With respect to GFCF in machinery and equipment, the two-year CAGR in the sector as a whole was 28.5% and 29.4% for private corporations. MoSPI will release granular data for 2023-24 in January 2025.
A similar picture emerges when we examine data from the Annual Survey of Industries. A slowdown in GFCF shows up in the growth of the number of factories set up during the seven years till 31 March 2021, whether small (less than 100 employed), medium (more than 100 employed) or big (more than 5,000 employed).
Again, as in the case of GFCF, the most recent two years for which data is available (2021-22 and 2022-23) show much greater promise. Not only has the number of medium and large factories grown faster, but the growth in the number of workers and employees in such factories has picked up pace too.

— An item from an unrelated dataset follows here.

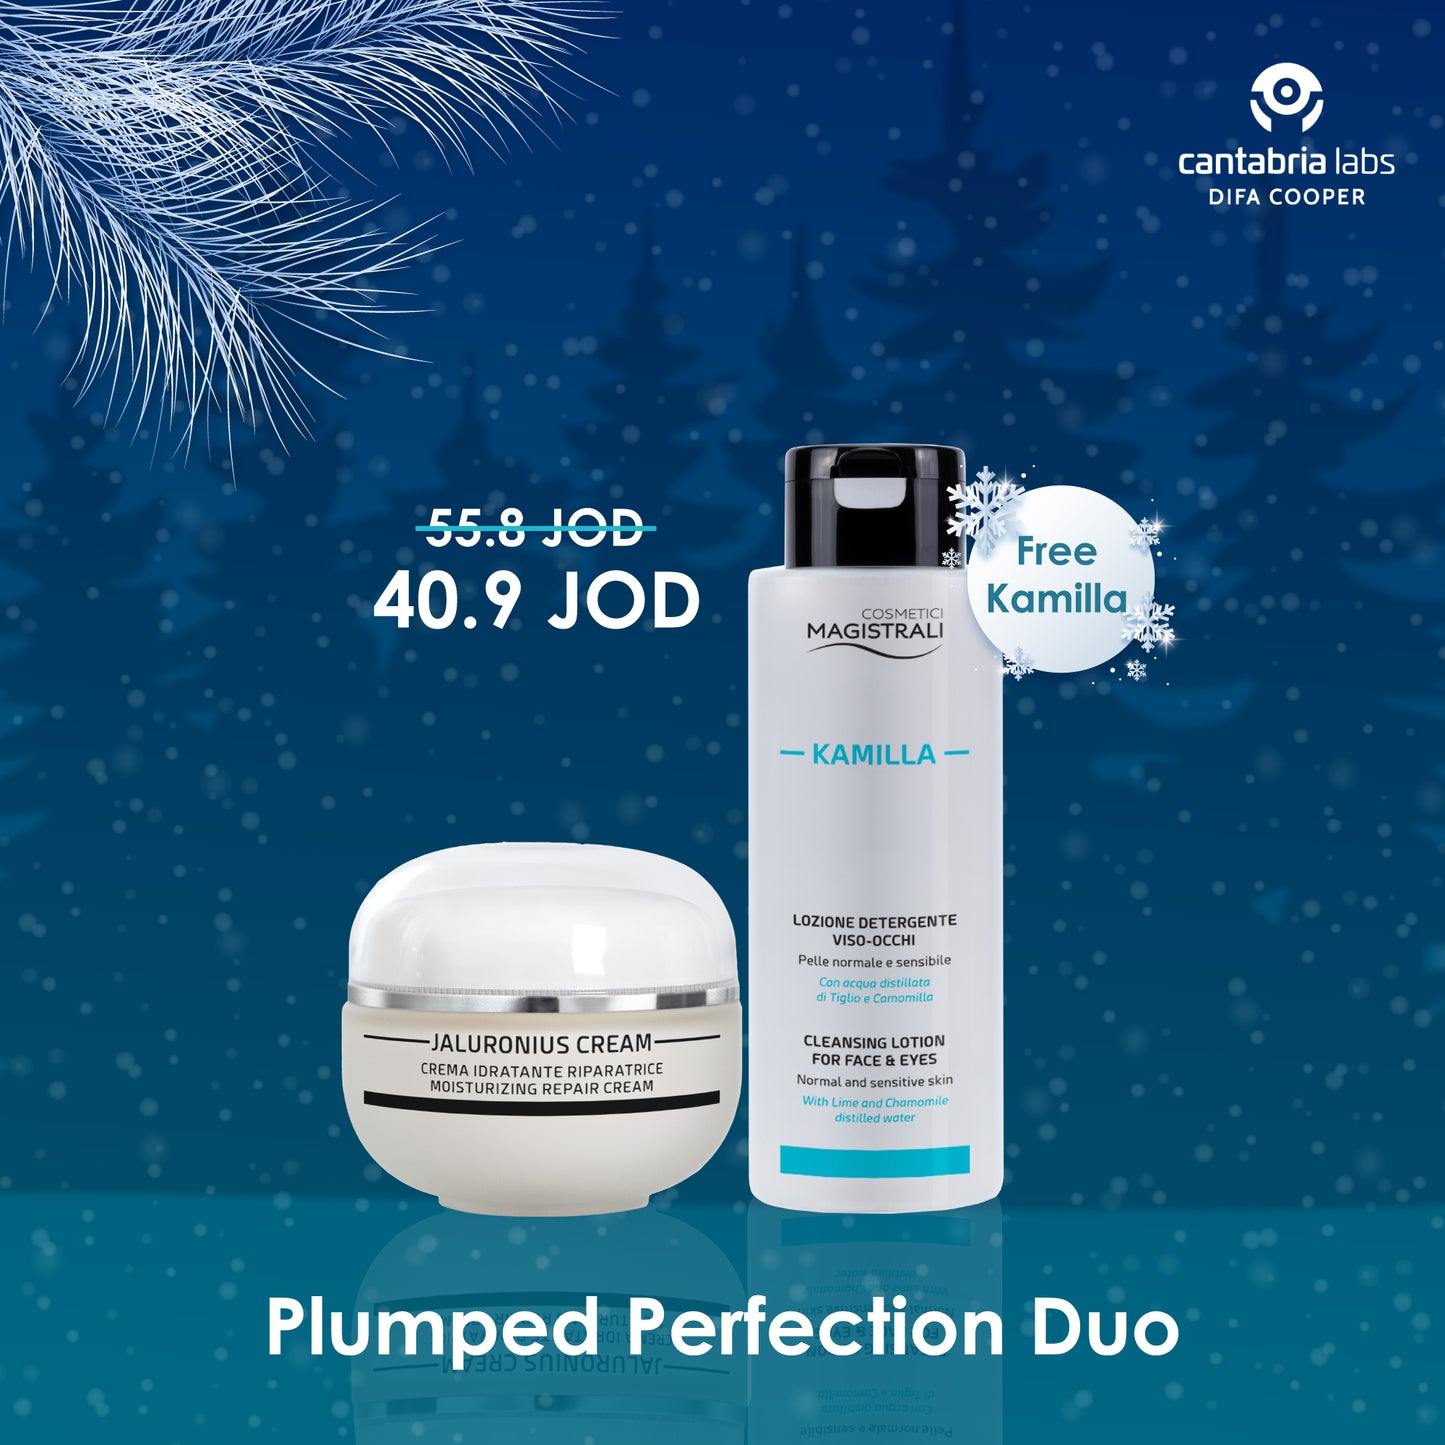 Plumped Perfection Duo

I have cited these figures not to feel smug or pat the government on its back, but to provide context to discussions on the health of the manufacturing sector in the country. Admittedly, much remains to be done.
A recent paper by Arvind Subramanian et al cited multiple units of relatively small sizes in each location as one of the features of Indian manufacturing that sets it apart from other developing economies. This diagnosis is correct.
If one divides the total number of persons employed in factories classified as having 5,000 or more employed by the total number of such factories, the number should be at least 5,000. It is not.
It is far lower. So, the average true plant size is lower than what one observes at first glance. That said, as the paper too notes, recent developments are encouraging.
In the years 2021-22 and 2022-23, the average number of ‘workers’ in factories with more than 100 employees has increased from 249 to 262. Similarly, the average number of ‘employees’ in factories with more than 100 employees has gone up from 313 to 327. However, this pace of recovery has to be much faster for us to realize our development goals.
We also studied the data on the number of companies, both public and private, incorporated in different industries. Between 2016-17 and 2023-24, the total number of companies in the country went up from 981,491 to 1,629,560. The CAGR is 7.5%.
In manufacturing, the growth rate was 6.3% as the number of companies rose from 215,594 to 330,369 in the same period. The total paid-up capital rose from ₹21.9 trillion to nearly ₹37 trillion over the same period, at a CAGR of 7.8%.
In manufacturing, the corresponding figures are a little over ₹6 trillion and nearly ₹10.6 trillion at a CAGR of 8.2%. That said, the road ahead is long. The total number of companies in India, at around 16 million, is low even compared to smaller countries.
As the Economic Survey of 2023-24 noted, we need a tripartite conversation between the Union and state governments and the private sector on deregulation and the deployment of technology in the context of labour versus capital, and particularly on labour’s share of income.
On deregulation, much has been done, but much remains to be done too, particularly in states and by local governments. Policy stability and continuity are desirable goals to pursue at all levels of government. This should include a discussion on the trade-off between boosting employment and the costs entailed by mandated employee benefits.
Apart from these, entrepreneurs and industrialists must reflect on whether they have a passion for growth. Do they prefer to be big fish in small ponds or small fish in an ocean? Among other things, their choices too will determine how soon and how easily the pond becomes an ocean.
These are the author’s personal views.